Required work: An exact copy of the listing below is the answer, with the pictures removed.

Data excerpt:
"""

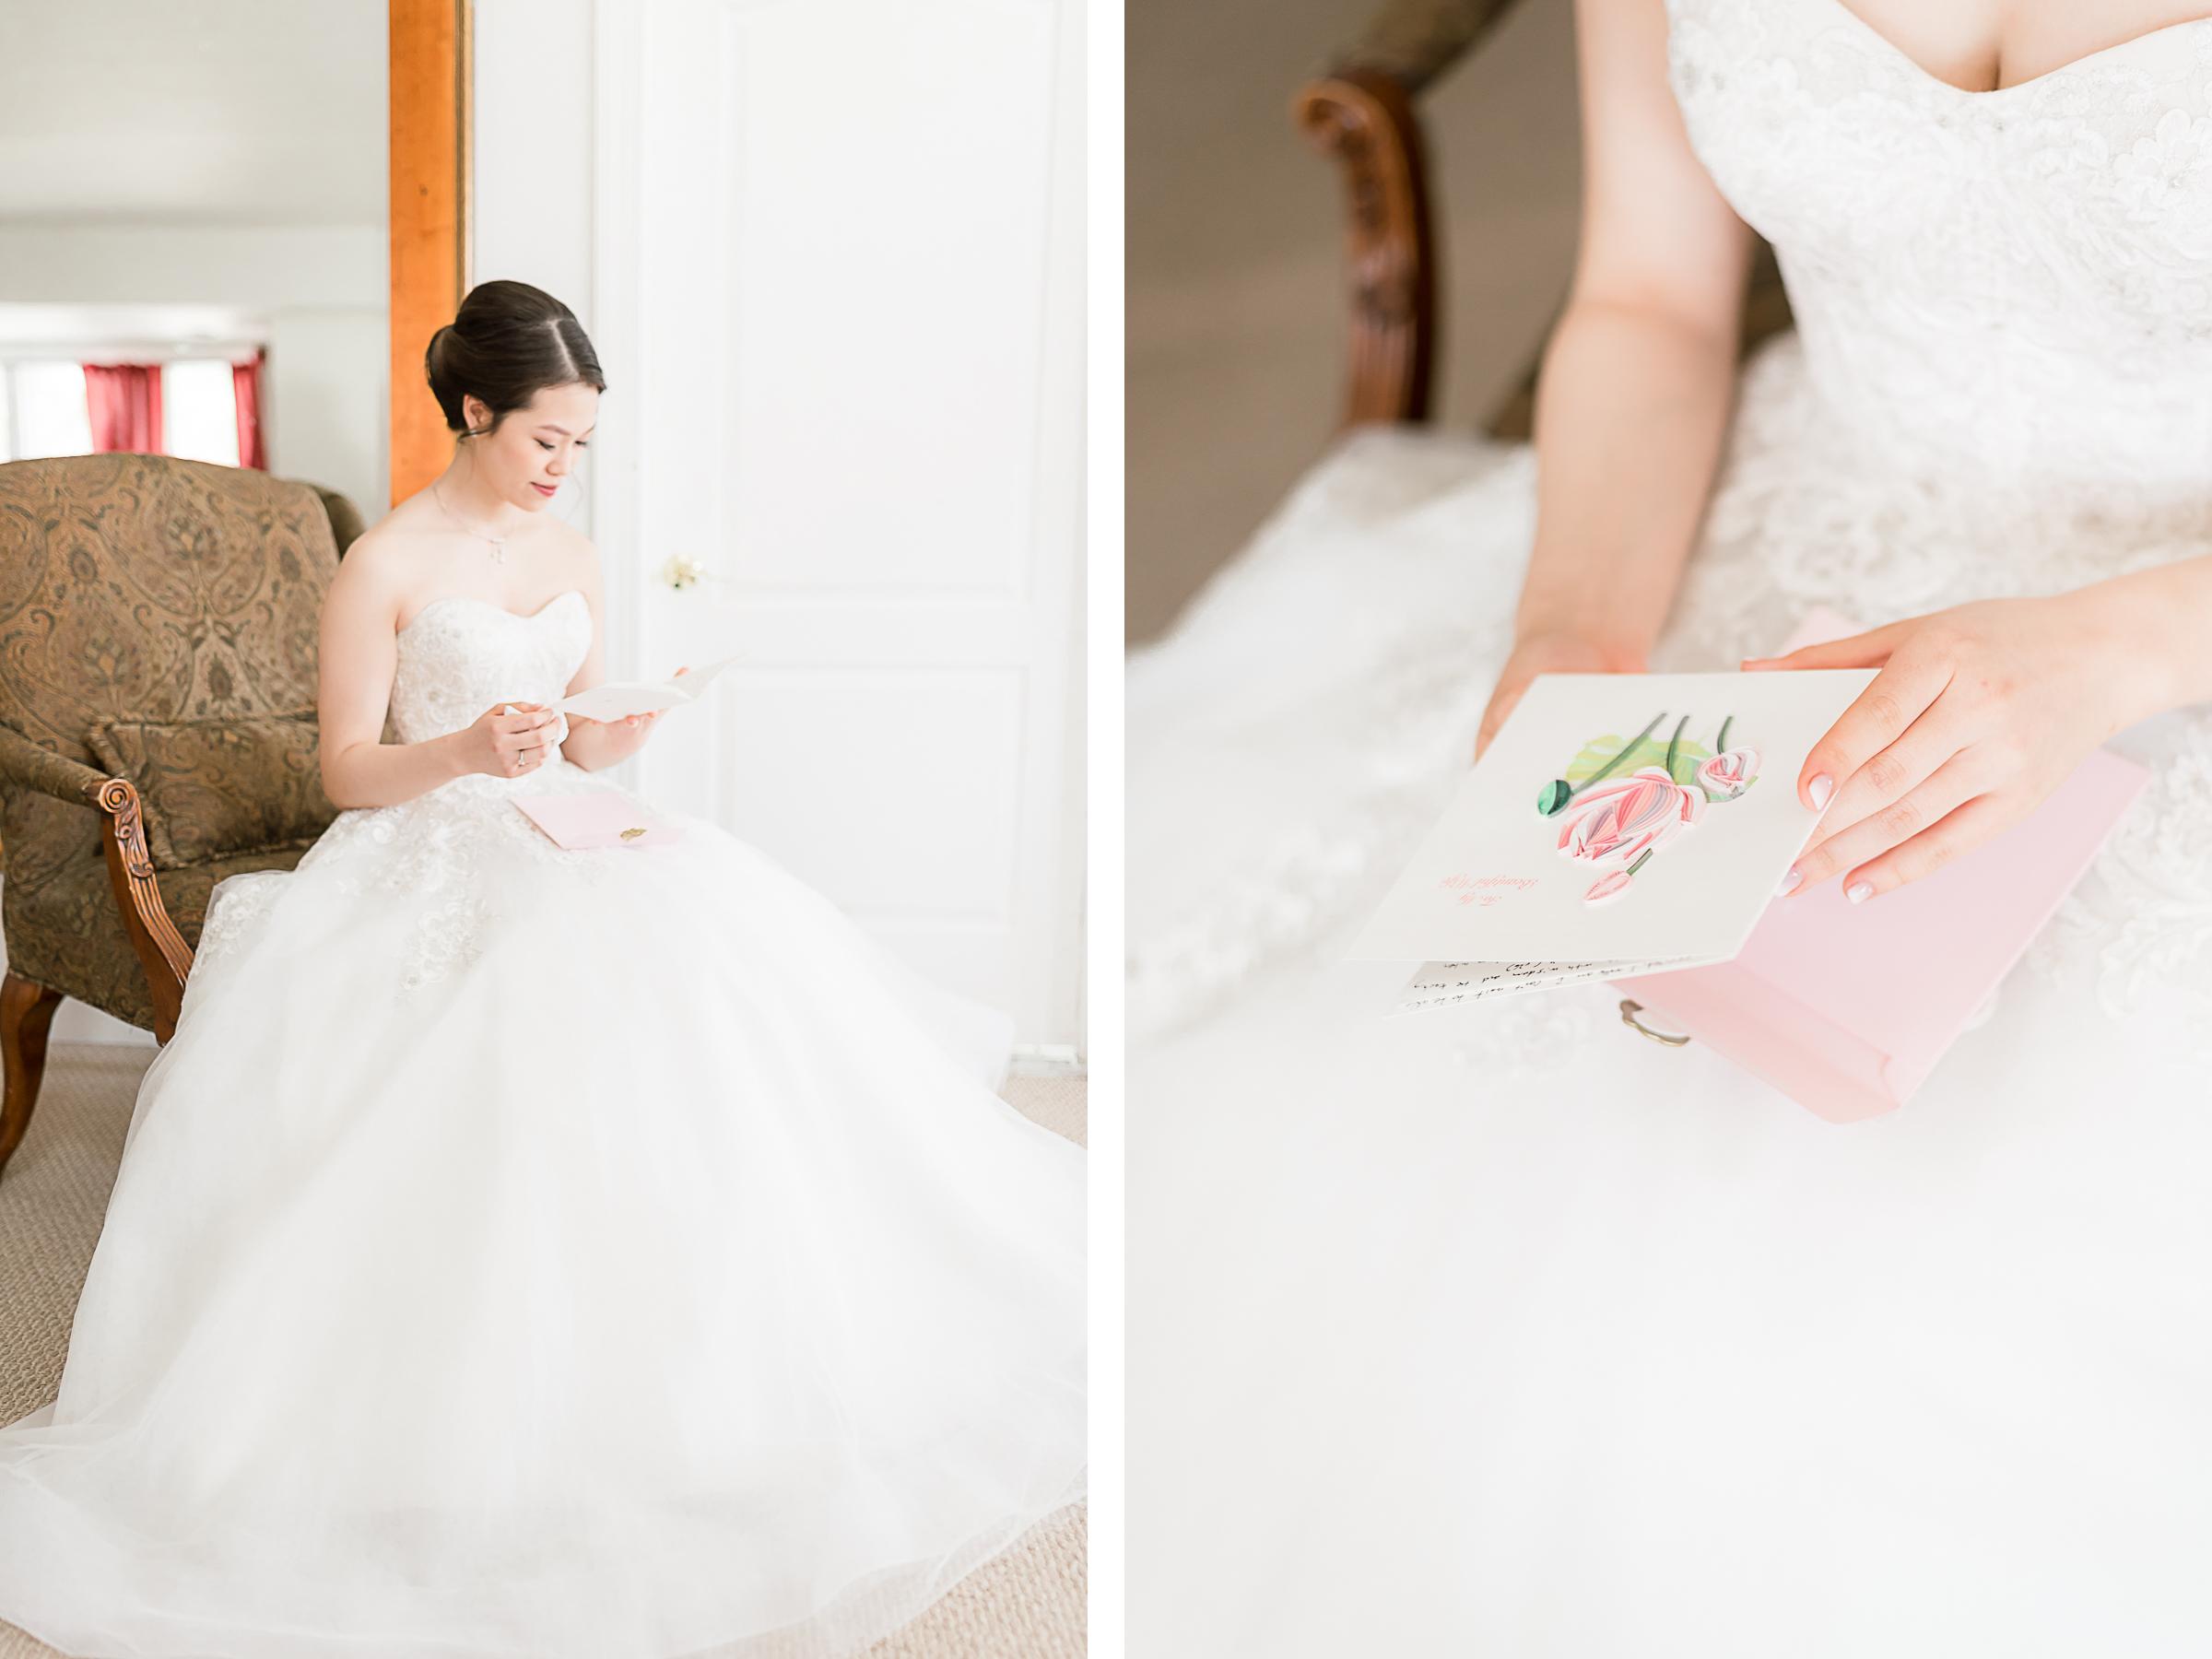 MD-Wedding-Columbia-Inn-Hollywood-Ballroom-Bridal-Party-54.jpg
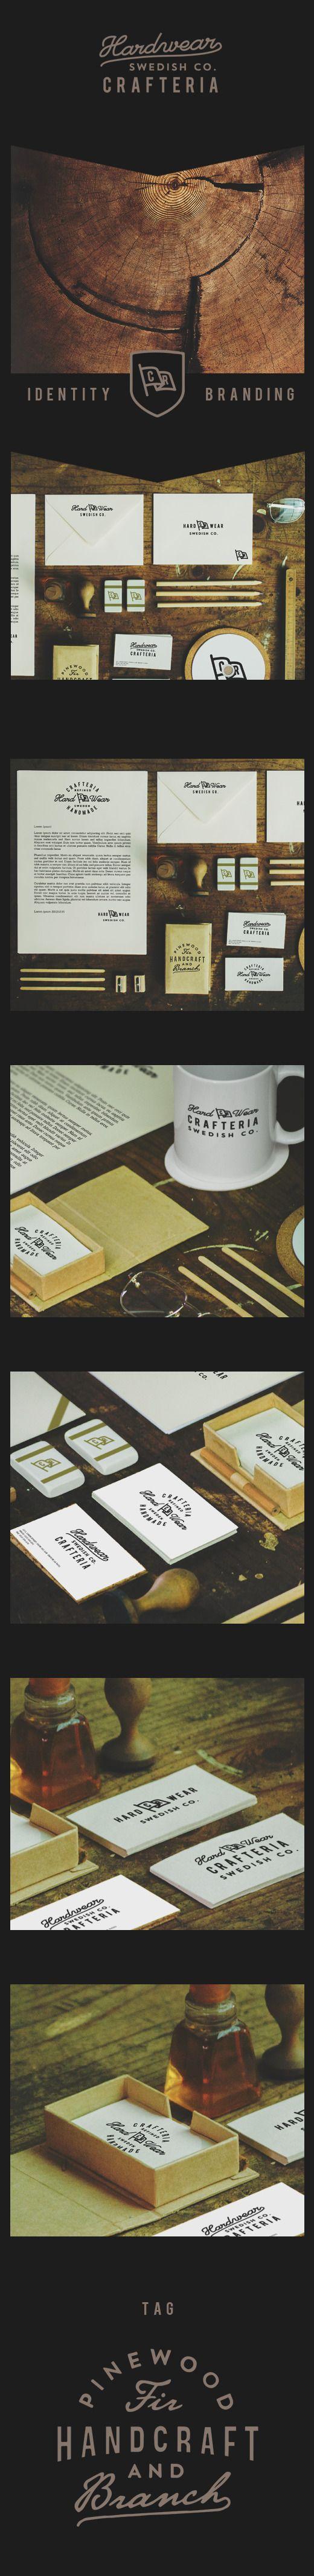 Hardwear Swedish Co. Crafteria branding | Authentic China Identity by Yohanes Raymond
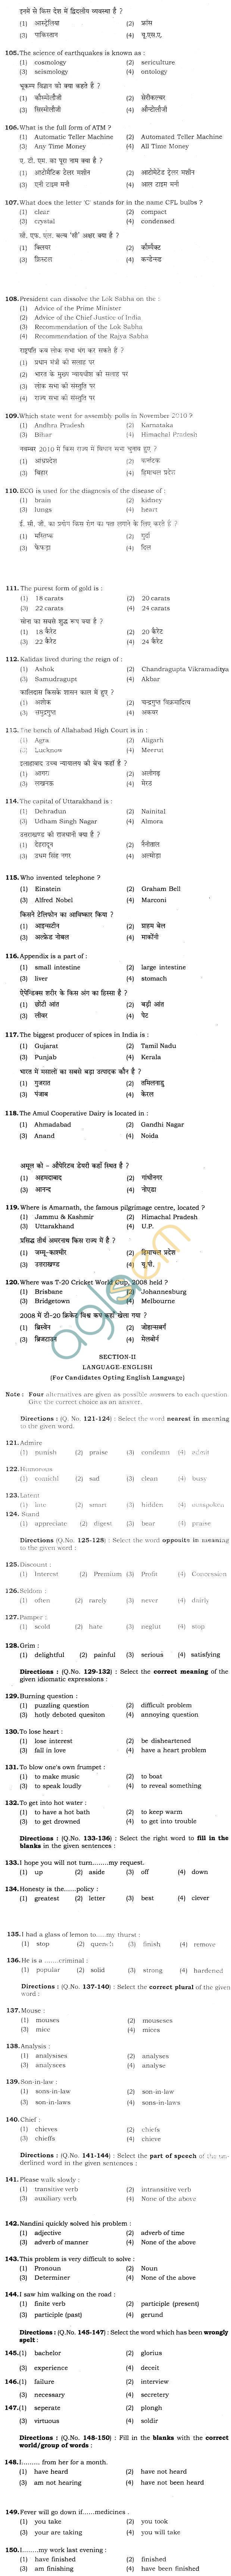 BHU UET 2011 B.A.Arts Question Paper

"""

Task answer:
 MD-Wedding-Columbia-Inn-Hollywood-Ballroom-Bridal-Party-54.jpg
 Hardwear Swedish Co. Crafteria branding | Authentic China Identity by Yohanes Raymond
 BHU UET 2011 B.A.Arts Question Paper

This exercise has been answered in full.